Chapter 4
Aveline Was Afraid of Pain
389 words
After the lake, I fell ill.
The water had been cold.
The weeds had bruised my ankle black.
My lungs hurt every time I breathed.
Aveline ran to call the physicians.
She returned alone.
Jocelyn’s people had stopped her.
“There are no physicians available,” they told her.
A lie.
In the palace, lies wore official robes.
My fever worsened through the night.
Briar wanted to break down the medical hall doors.
Aveline cried and begged me to hold on.
Finally, she ran to Lady Sorelle, one of the few women in the palace who still treated me as human.

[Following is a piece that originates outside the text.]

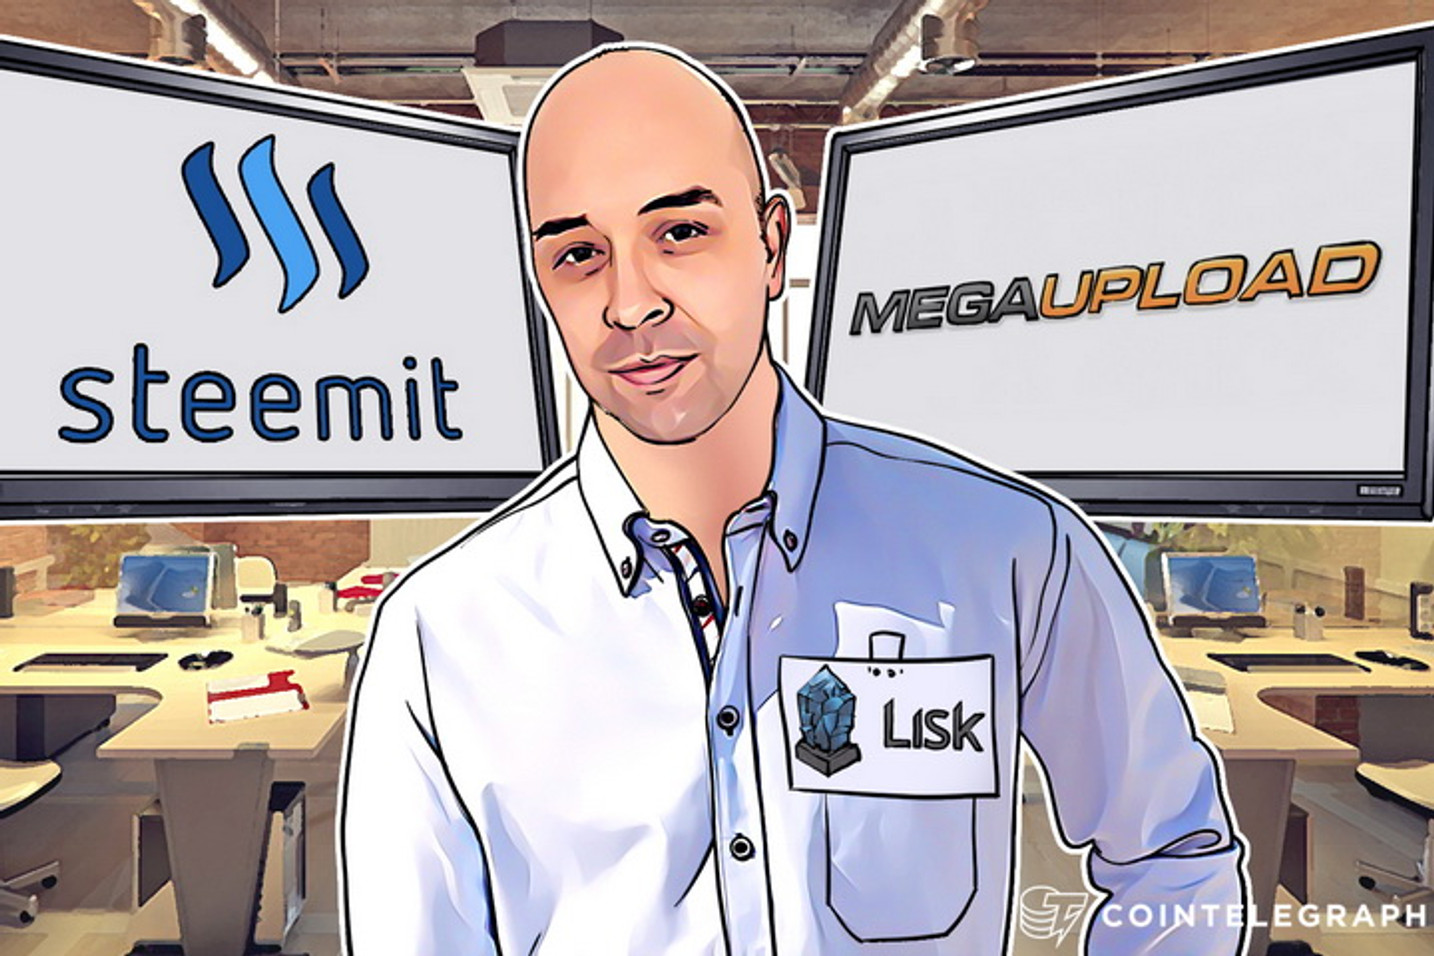 Lisk Blockchain Platform Could Host Megaupload 2.0 and Steemit

Sorelle brought a physician herself.
I lived.
Unfortunately.
The next trap came soon after.
Jewelry found in the wrong place.
Poison where it should not be.
Witnesses who had seen too much and understood nothing.
Every thread led to me.
Aurelian came with soldiers.
His face was colder than winter.
“Why?” he asked.
That was all.
Not did you do this?
Not tell me the truth.
Why?
Because he had already judged me guilty.
I opened my mouth.
Aveline stepped forward.
“It was me.”
The room froze.
My blood went cold.
“Aveline,” I said.
She did not look at me.
“I hated Lady Jocelyn,” she said, voice shaking. “She stole His Majesty’s affection and made my lady suffer. I acted alone.”
“No.”
My voice cracked.
“No, she lies.”
Aurelian looked between us.
Perhaps he knew.
Perhaps he only needed someone to punish.
Aveline was taken away.
I was confined, but unharmed.
She returned three days later.
Not walking.
Briar carried her.
Aveline had always been round-cheeked and lively, the kind of girl who smiled even while doing dull work. She feared needles. She cried over paper cuts. Once, she screamed because a kitchen cat scratched her hand.
Now her body was covered in wounds.
She had faced torture because she loved me.
I touched her cold face.
No tears came at first.
Only a hollow sound from somewhere inside my chest.
Briar knelt beside me, silent.
We buried Aveline beneath the cherry tree.
The same tree where Aurelian had once promised to build me a swing.
The same tree under which I would one day die.
After that, Briar spoke less.
I smiled less.
And whatever remained of the girl who believed in Arlen began to rot quietly inside me.